The Aneuk Jamee or Ughang Jamu people are a group of people spread along the west and south coast of Aceh, starting from Singkil, South Aceh Regency, Southwest Aceh Regency and Simeulue Regency. The Aneuk Jamee people are originally Minangkabau people who have migrated to Aceh in the 19th century, and intermarried with the Acehnese people, Kluet people, Singkil people and Devayan people. In terms of language, the Anuek Jamee language is considered as a dialect of the Minangkabau language that has a mixture of Aceh's native languages.

Etymology
The name "Aneuk Jamee" comes from the Acehnese language which literally means "children" (aneuk) and "guest" (jamee) or "children of guests".

History

Story has it that during the Padri War, the vicar fighters were cornered by the attacks of the Dutch East Indies. The coast line of the Minangkabaus at that time were a part of the Aceh kingdom, sent military aid. When the situation became critical, the people were forced to leave. Thus at that time, the Minangkabau people started to spread towards the southwest coast of Aceh.
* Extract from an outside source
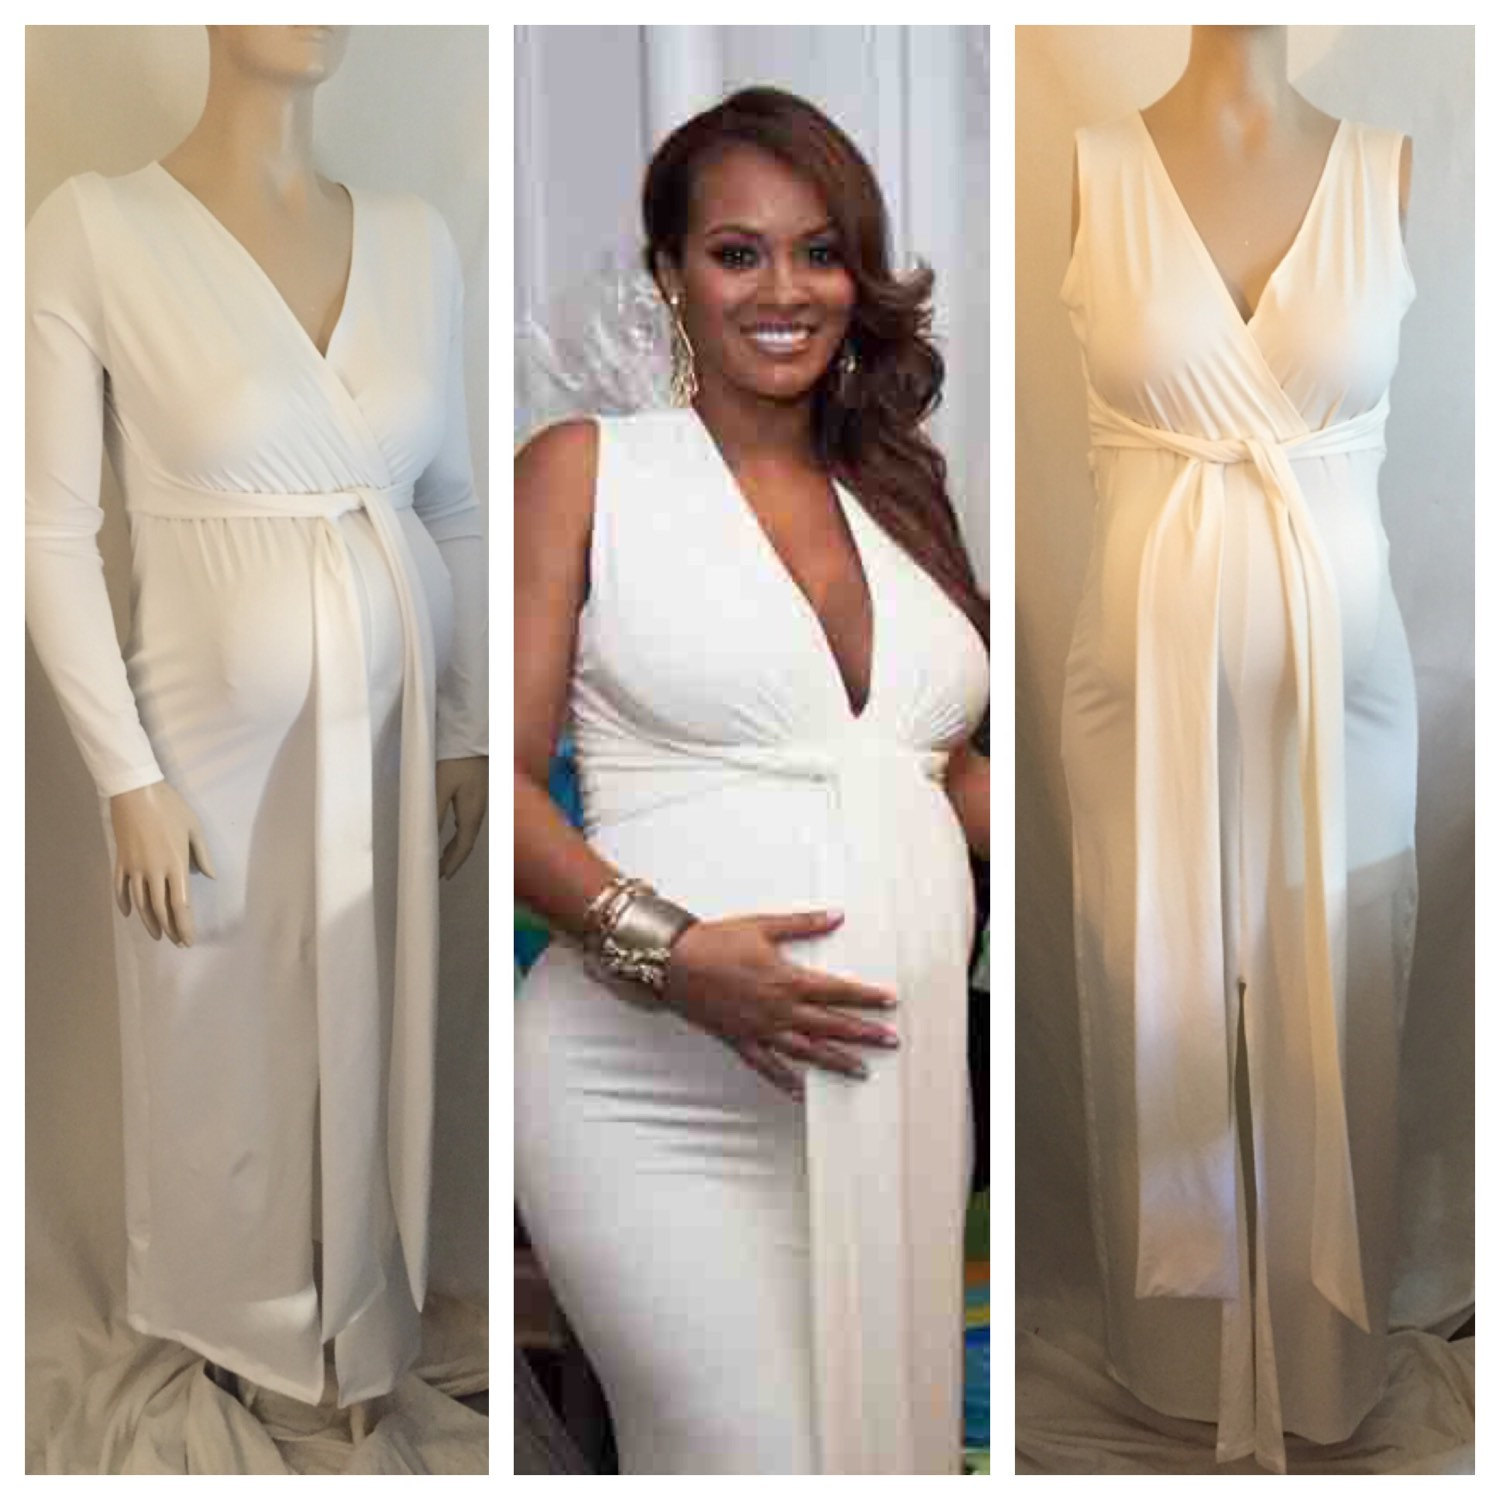 Full Size of Baby Shower:what To Wear To A Baby Shower In October Mom And Dad Baby Shower Outfits Petite Maternity Dresses For Baby Shower Maternity Blouses For Baby Shower Baby Shower Dresses For Winter Pink Maternity Dress Baby Shower Outfits For Dad Best Maternity Dresses For Baby Shower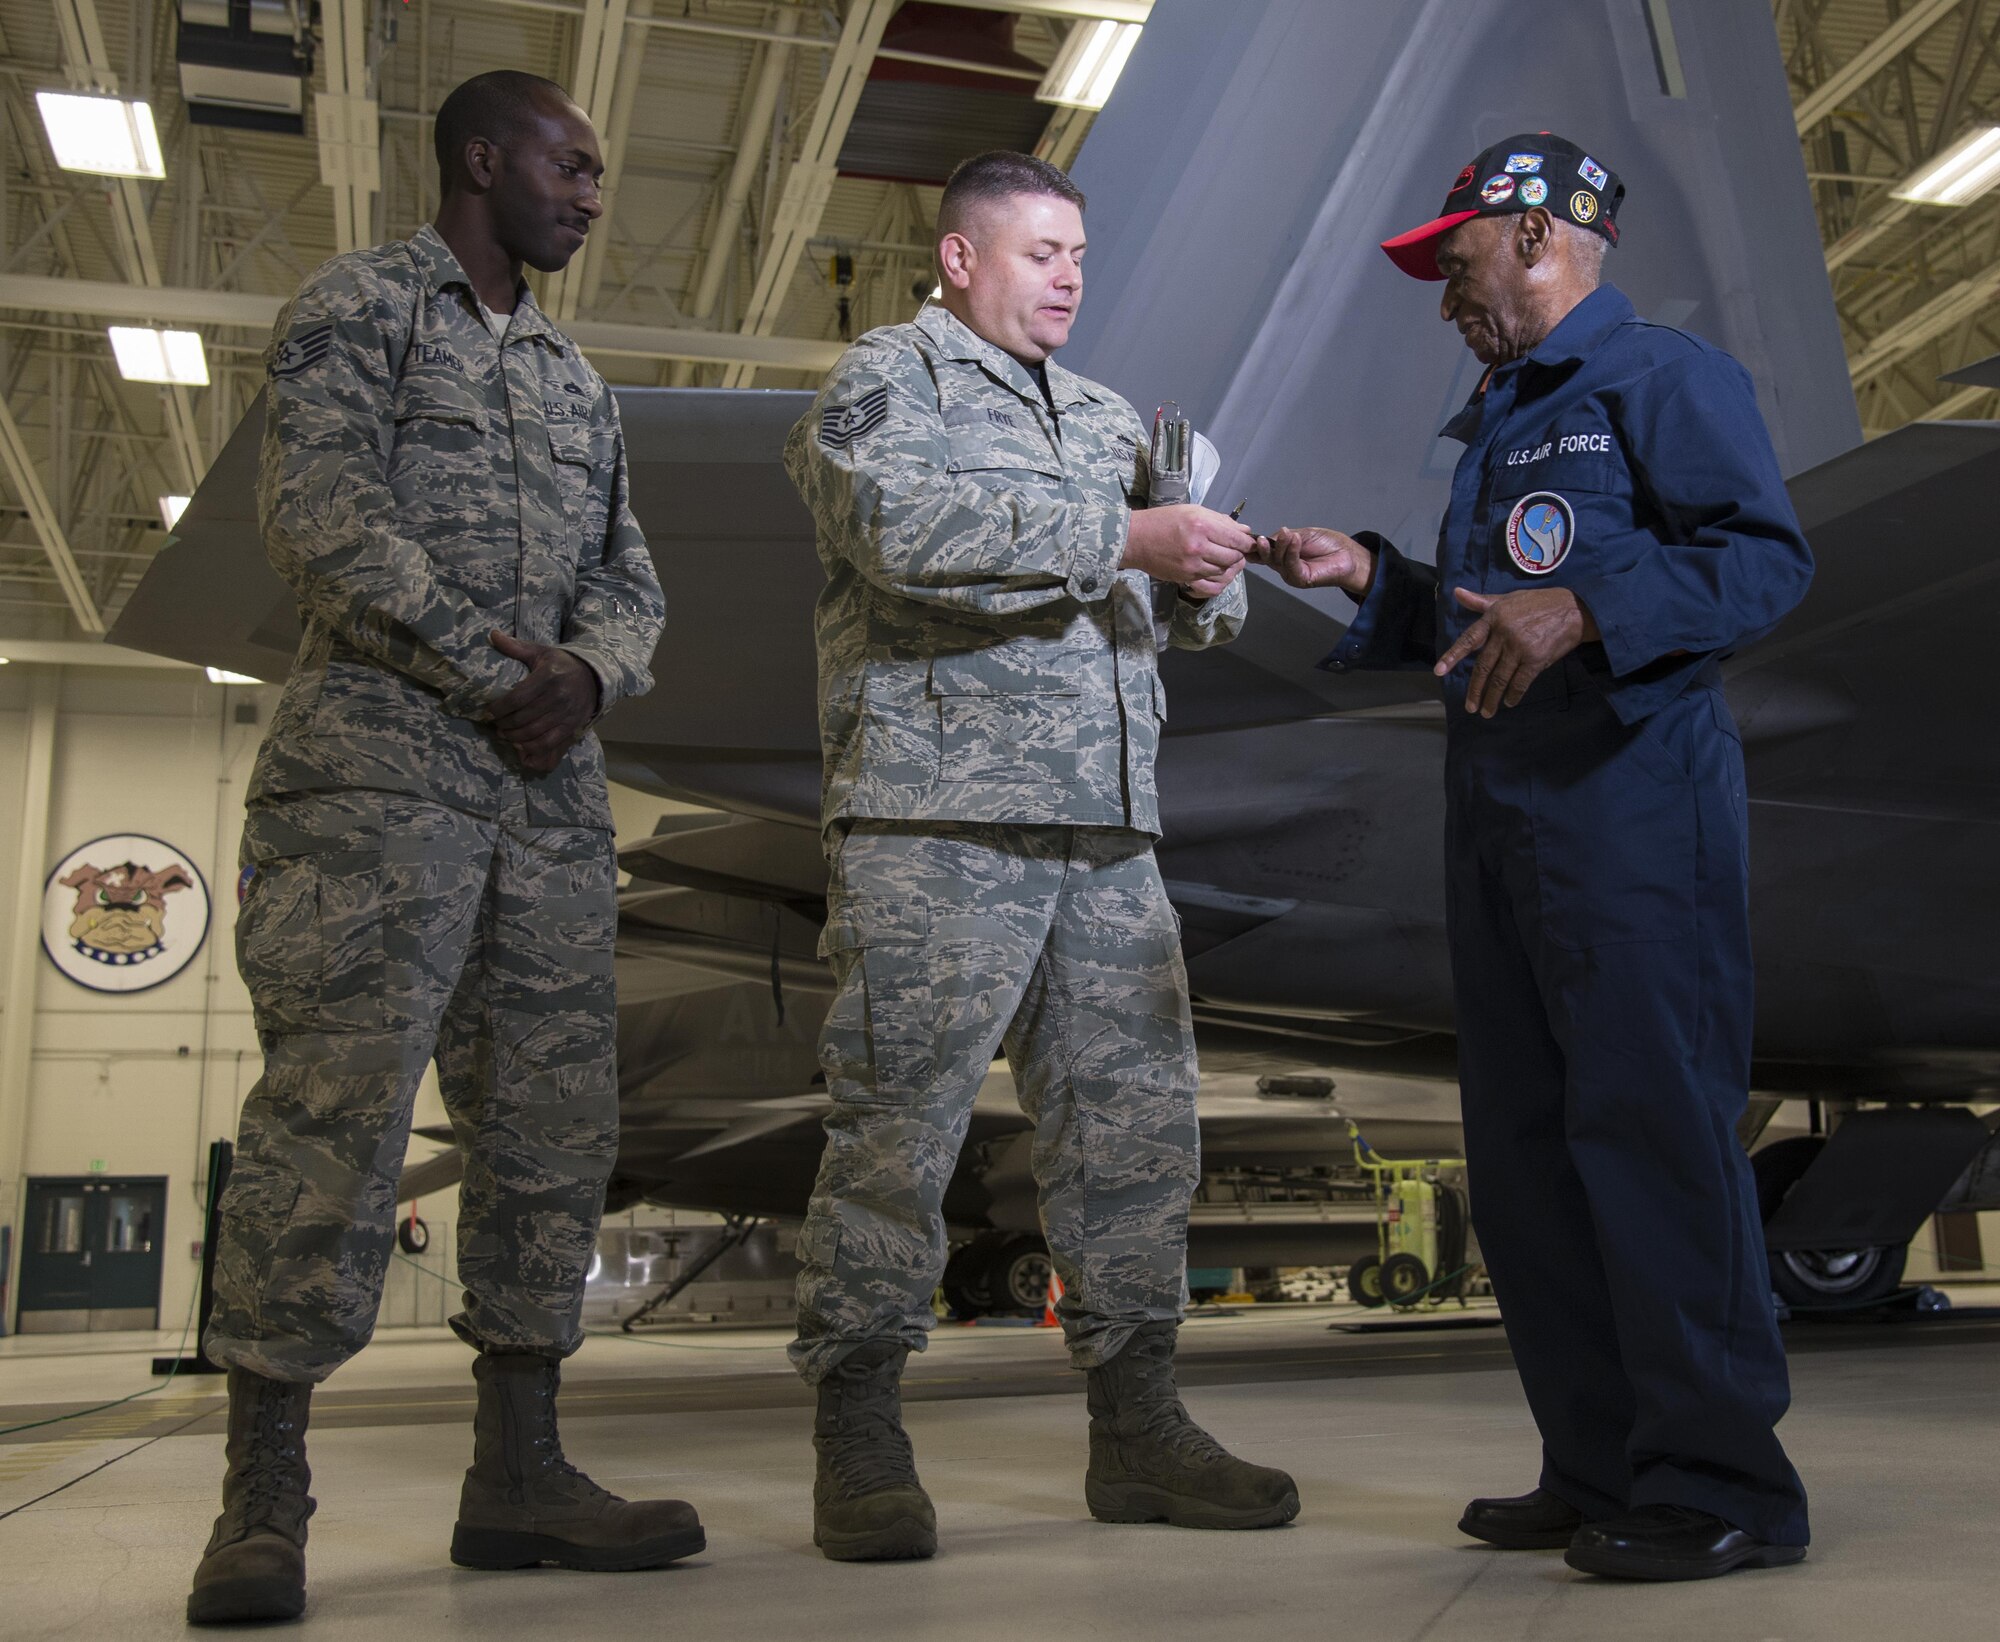 U.S. Air Force Tech. Sgt. Jeremiah Frye (middle), 477th Fighter Group quality assurance inspector, coins Army Air Corps Staff Sgt. Leslie Edwards, the last known living Tuskegee Airman of the 477th Bombardment Group, at Joint Base Elmendorf-Richardson, Alaska, Oct. 14, 2017. Edwards accompanied Frye for his 5,000th quality assurance inspection, a milestone he reached in nine years which typically takes 28 years to accomplish. In 2007, the 477th Bombardment Group became the 477th Fighter Group, bringing with it the legacy of Tuskegee Airmen to Alaska. (U.S. Air Force photo by Senior Airman Curt Beach)

It is also said that South Aceh Regency was a stop-by for pilgrimers from West Sumatra sailing for Mecca.

Diaspora
The Aneuk Jamee people can be found especially in South Aceh Regency (approximately 50% of the population) and to a certain extent in Southwest Aceh Regency, West Aceh Regency, Aceh Singkil Regency and Simeulue Regency.

Regions that are inhabited by the Aneuk Jamee people:-

Language
The Minangkabau language is still used by the Aneuk Jamee people but the language is assimilated with the Acehnese language, thus making it Jamee (guest) language. There are not much changes made to the language except for a few consonants, vocals and changes in the dialect. In terms of linguistic classification, the Jamee language still belongs to the Minangkabau language as a dialect. However, due to the influence of cultural assimilation for a long time, most of the Aneuk Jamee people, especially of those who occupy regions that are dominated by the Acehnese people for example West Aceh Regency, the Aneuk Jamee language is only used among the older generations. Today the Acehnese language is much widely used as the lingua franca.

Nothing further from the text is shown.